*DATA FOR THIS EXERCISE*:
<<<<

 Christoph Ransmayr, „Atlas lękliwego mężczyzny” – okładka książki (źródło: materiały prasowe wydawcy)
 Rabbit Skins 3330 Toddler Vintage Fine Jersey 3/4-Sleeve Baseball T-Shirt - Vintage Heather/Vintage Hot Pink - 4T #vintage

>>>>
<<<<

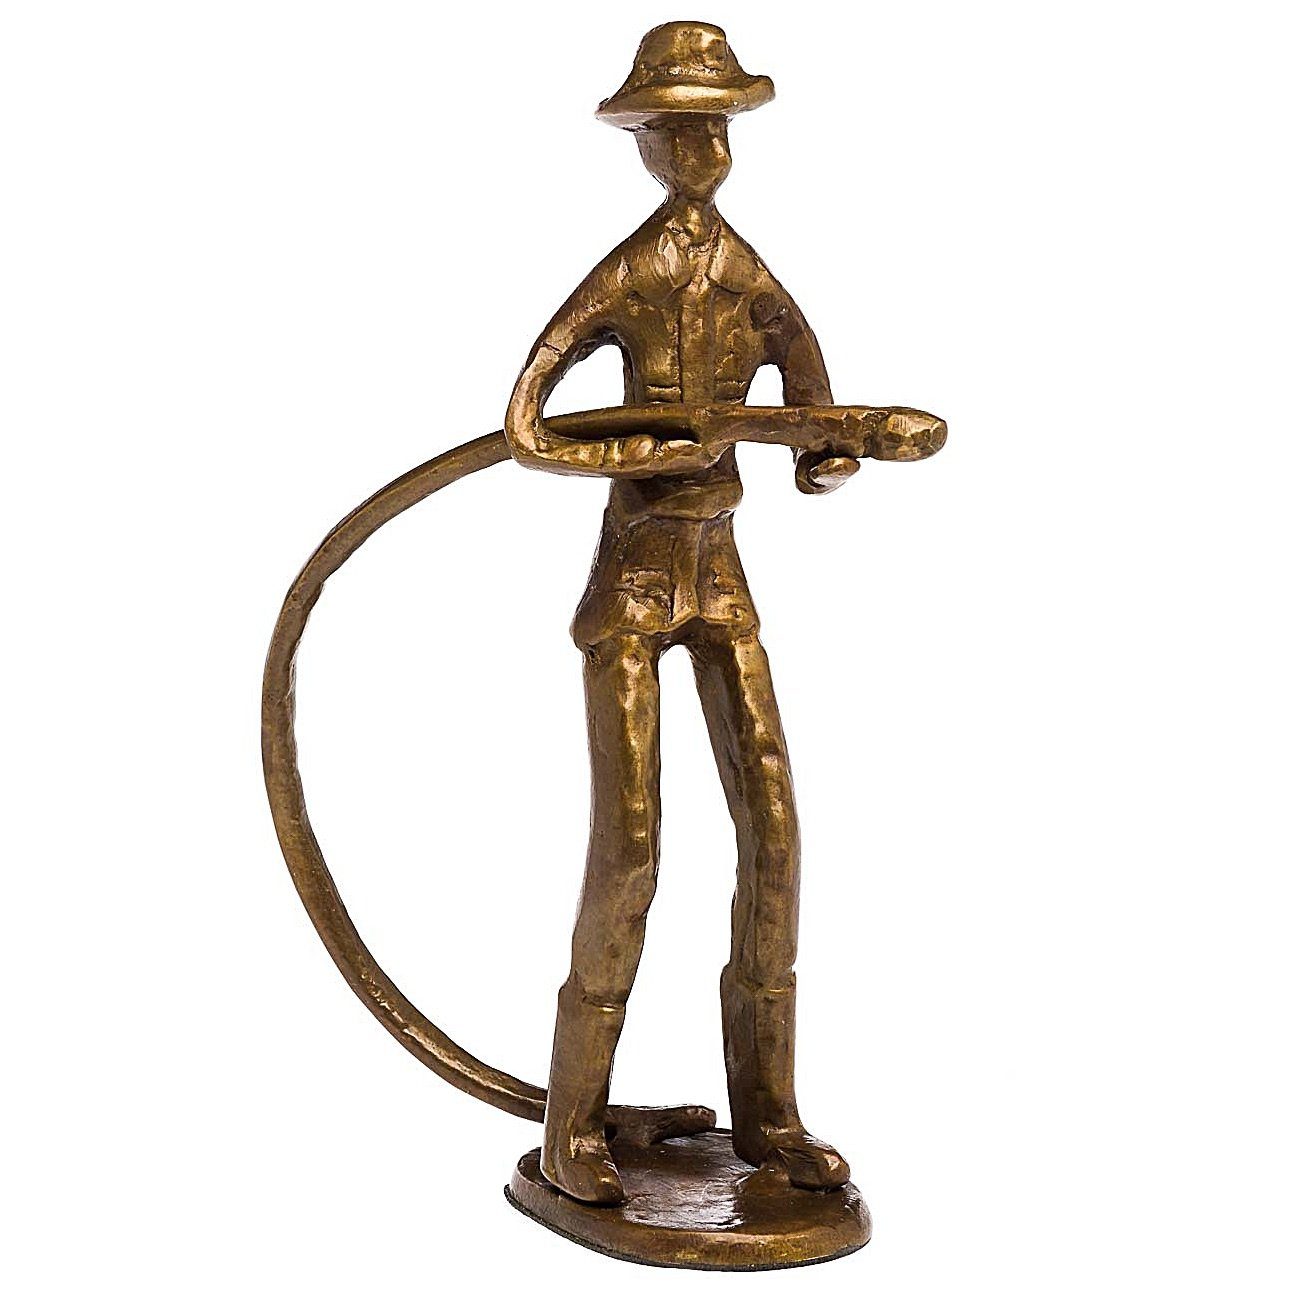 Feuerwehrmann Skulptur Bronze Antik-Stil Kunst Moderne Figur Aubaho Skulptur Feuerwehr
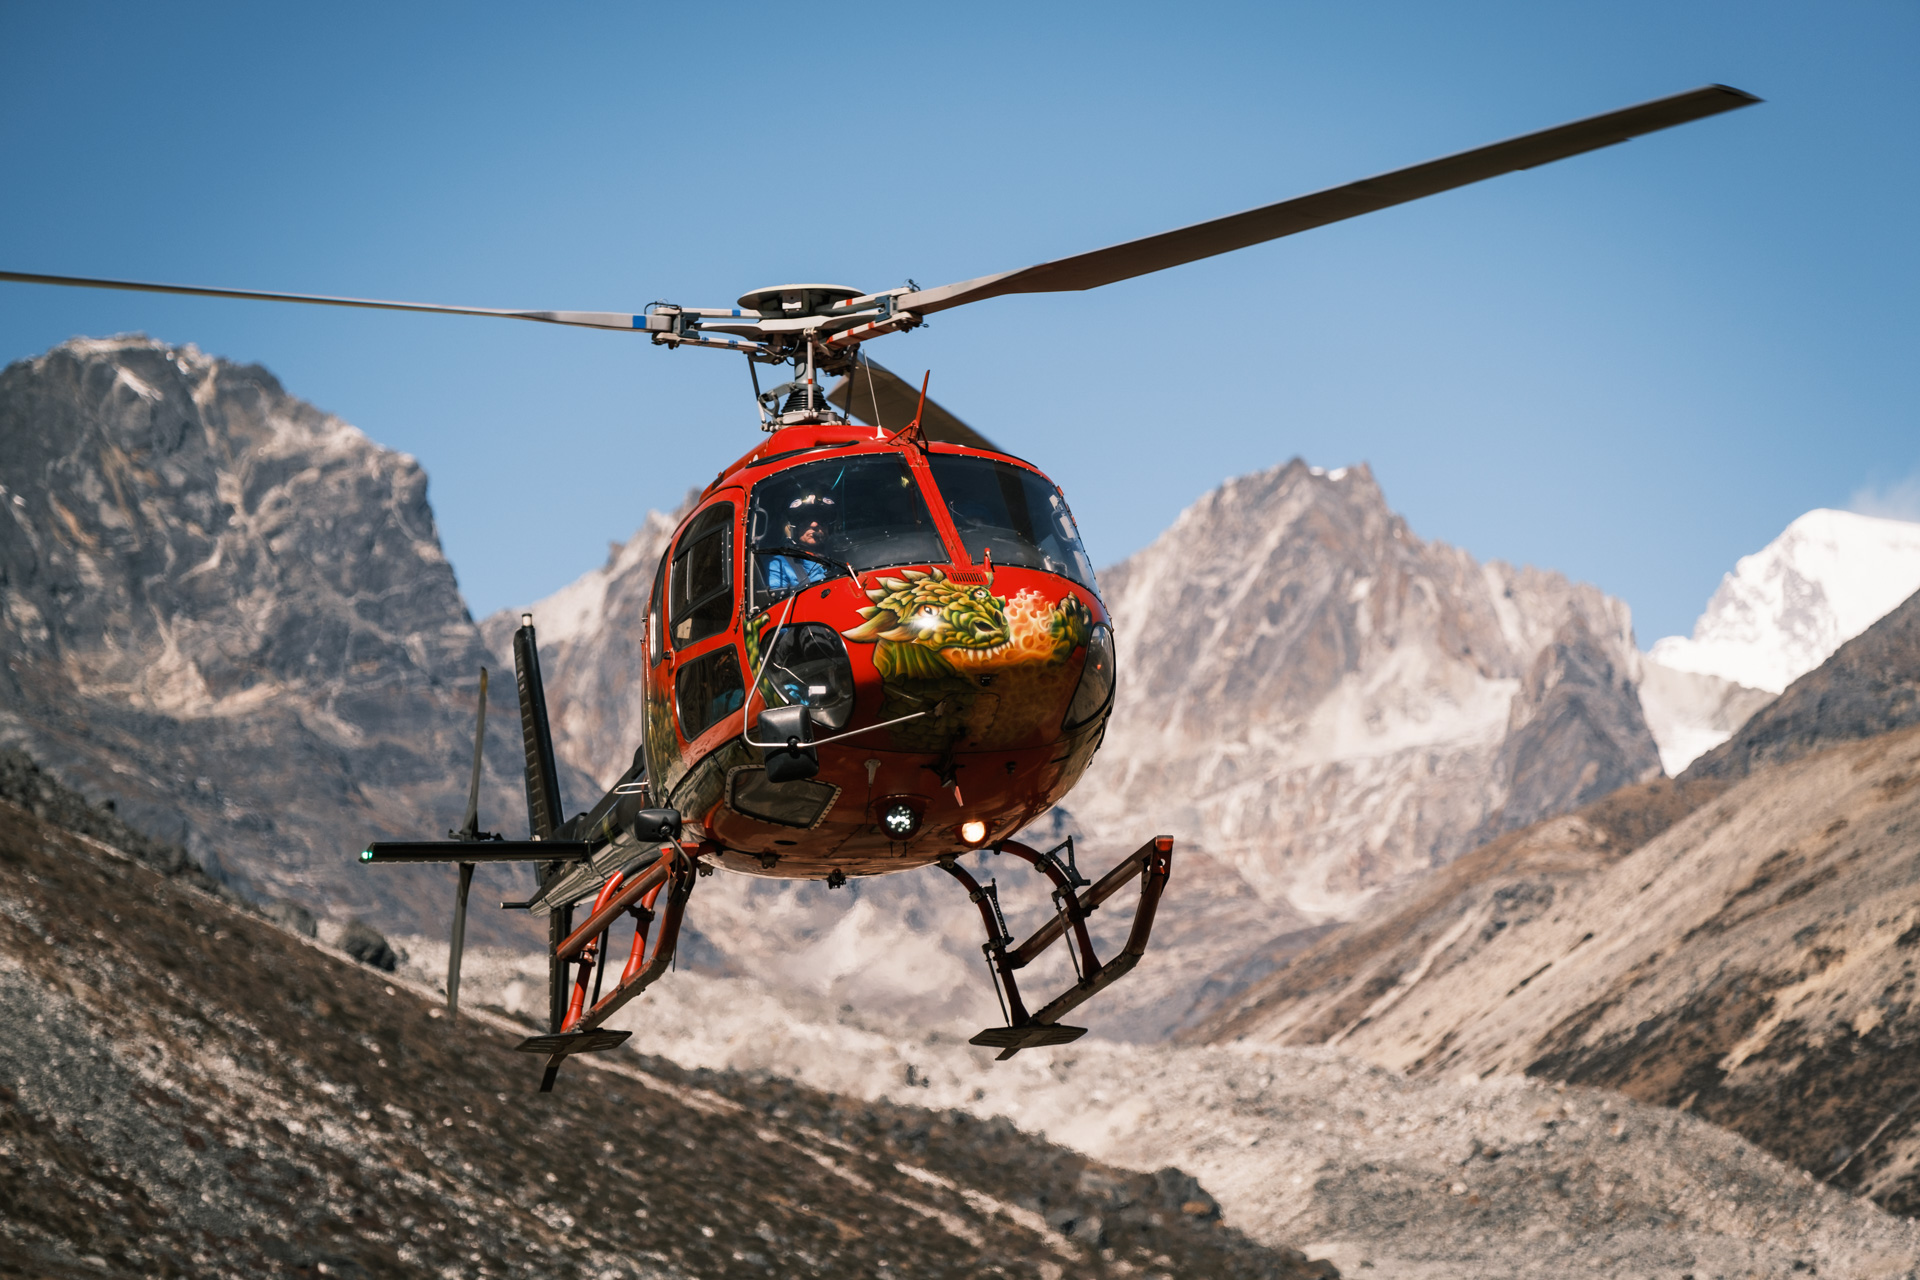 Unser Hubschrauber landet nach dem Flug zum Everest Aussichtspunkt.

>>>>

*YOUR INSTRUCTIONS*:
Your answer should consist only of the lines above between the line holding "Christoph Ransmayr, „Atlas" and the line holding "Rabbit Skins 3330", inclusive, each transcribed exactly.

*ANSWER TO THIS TASK*:
 Christoph Ransmayr, „Atlas lękliwego mężczyzny” – okładka książki (źródło: materiały prasowe wydawcy)
 Rabbit Skins 3330 Toddler Vintage Fine Jersey 3/4-Sleeve Baseball T-Shirt - Vintage Heather/Vintage Hot Pink - 4T #vintage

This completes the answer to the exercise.